- _About this exercise_
Return each line exactly as written. Begin with the first line of the entries and end with the line that has "Drama school, you".

- _Study material_
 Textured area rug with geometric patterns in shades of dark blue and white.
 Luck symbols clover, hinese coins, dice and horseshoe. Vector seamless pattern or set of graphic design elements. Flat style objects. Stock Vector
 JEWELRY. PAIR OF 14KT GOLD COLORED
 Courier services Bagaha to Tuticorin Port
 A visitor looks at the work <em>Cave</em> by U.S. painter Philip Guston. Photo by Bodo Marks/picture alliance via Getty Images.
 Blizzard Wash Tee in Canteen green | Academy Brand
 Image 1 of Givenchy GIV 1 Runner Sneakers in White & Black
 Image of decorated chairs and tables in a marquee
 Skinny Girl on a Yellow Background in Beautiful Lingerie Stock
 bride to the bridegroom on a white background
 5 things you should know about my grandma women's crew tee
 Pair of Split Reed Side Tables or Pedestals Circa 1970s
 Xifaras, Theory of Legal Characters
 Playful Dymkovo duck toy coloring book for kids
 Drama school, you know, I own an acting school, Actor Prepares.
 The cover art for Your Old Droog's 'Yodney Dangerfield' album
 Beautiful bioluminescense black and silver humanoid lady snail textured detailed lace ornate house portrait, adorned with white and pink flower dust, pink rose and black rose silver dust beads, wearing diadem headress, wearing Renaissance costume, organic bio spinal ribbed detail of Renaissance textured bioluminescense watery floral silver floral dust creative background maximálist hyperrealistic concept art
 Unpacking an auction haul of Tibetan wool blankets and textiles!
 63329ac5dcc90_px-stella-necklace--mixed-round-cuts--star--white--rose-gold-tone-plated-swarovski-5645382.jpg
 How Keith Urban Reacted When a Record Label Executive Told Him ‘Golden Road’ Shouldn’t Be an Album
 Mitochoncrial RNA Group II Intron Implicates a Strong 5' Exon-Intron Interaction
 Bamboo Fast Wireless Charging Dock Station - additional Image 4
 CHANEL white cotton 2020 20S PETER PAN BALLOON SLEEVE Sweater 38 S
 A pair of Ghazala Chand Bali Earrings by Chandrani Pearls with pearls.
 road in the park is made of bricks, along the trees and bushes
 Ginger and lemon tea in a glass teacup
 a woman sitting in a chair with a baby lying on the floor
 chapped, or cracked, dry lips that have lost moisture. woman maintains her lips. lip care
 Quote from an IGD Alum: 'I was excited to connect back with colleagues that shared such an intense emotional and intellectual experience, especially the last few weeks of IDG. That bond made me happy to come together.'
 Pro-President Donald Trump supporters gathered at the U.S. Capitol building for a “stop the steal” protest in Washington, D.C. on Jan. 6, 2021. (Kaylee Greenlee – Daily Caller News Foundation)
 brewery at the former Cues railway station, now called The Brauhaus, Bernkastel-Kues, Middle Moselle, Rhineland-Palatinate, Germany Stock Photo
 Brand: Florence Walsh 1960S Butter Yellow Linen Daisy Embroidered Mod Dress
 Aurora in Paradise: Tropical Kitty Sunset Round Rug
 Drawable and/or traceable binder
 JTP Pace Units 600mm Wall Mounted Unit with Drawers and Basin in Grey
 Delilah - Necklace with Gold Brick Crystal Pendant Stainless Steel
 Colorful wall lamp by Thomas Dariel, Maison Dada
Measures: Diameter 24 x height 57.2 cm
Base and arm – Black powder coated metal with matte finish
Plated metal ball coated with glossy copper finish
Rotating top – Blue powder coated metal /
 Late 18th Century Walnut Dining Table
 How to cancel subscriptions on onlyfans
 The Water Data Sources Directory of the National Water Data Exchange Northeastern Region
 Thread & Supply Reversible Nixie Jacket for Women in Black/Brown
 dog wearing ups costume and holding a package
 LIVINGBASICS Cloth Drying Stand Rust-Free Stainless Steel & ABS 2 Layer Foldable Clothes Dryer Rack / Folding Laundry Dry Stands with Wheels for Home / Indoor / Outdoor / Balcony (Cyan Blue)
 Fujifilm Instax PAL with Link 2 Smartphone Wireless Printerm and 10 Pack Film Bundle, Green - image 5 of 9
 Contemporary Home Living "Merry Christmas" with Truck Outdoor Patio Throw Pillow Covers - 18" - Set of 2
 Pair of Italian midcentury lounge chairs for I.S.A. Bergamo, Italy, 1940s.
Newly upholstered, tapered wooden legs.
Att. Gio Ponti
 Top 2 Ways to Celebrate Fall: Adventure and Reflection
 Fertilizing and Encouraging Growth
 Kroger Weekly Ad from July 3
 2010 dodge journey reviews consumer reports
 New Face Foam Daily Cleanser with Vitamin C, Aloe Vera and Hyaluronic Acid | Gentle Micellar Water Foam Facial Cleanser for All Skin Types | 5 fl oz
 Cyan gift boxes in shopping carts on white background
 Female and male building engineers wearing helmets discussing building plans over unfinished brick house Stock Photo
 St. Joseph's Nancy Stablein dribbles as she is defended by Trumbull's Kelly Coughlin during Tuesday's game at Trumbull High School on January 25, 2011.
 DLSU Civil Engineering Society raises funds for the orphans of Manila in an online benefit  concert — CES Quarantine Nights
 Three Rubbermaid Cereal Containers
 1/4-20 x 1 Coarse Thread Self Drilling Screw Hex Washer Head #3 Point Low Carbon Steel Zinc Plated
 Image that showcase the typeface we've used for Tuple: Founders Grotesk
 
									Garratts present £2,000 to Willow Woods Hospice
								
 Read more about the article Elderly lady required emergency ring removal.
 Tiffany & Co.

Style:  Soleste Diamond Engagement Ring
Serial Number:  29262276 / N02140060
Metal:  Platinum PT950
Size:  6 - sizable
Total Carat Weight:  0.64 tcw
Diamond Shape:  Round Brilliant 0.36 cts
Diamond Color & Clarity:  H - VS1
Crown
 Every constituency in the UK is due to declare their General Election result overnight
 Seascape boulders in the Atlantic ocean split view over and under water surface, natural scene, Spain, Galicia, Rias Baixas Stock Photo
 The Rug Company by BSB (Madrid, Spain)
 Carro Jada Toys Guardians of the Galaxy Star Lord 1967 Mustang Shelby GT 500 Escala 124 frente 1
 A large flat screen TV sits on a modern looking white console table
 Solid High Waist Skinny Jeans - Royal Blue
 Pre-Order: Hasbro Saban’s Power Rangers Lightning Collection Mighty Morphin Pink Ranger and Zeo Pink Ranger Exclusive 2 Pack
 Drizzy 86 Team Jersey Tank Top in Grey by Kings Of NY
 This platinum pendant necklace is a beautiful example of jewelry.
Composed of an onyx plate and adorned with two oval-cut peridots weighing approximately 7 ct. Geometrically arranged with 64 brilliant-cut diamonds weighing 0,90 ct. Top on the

- _Solution to the problem_
 Textured area rug with geometric patterns in shades of dark blue and white.
 Luck symbols clover, hinese coins, dice and horseshoe. Vector seamless pattern or set of graphic design elements. Flat style objects. Stock Vector
 JEWELRY. PAIR OF 14KT GOLD COLORED
 Courier services Bagaha to Tuticorin Port
 A visitor looks at the work <em>Cave</em> by U.S. painter Philip Guston. Photo by Bodo Marks/picture alliance via Getty Images.
 Blizzard Wash Tee in Canteen green | Academy Brand
 Image 1 of Givenchy GIV 1 Runner Sneakers in White & Black
 Image of decorated chairs and tables in a marquee
 Skinny Girl on a Yellow Background in Beautiful Lingerie Stock
 bride to the bridegroom on a white background
 5 things you should know about my grandma women's crew tee
 Pair of Split Reed Side Tables or Pedestals Circa 1970s
 Xifaras, Theory of Legal Characters
 Playful Dymkovo duck toy coloring book for kids
 Drama school, you know, I own an acting school, Actor Prepares.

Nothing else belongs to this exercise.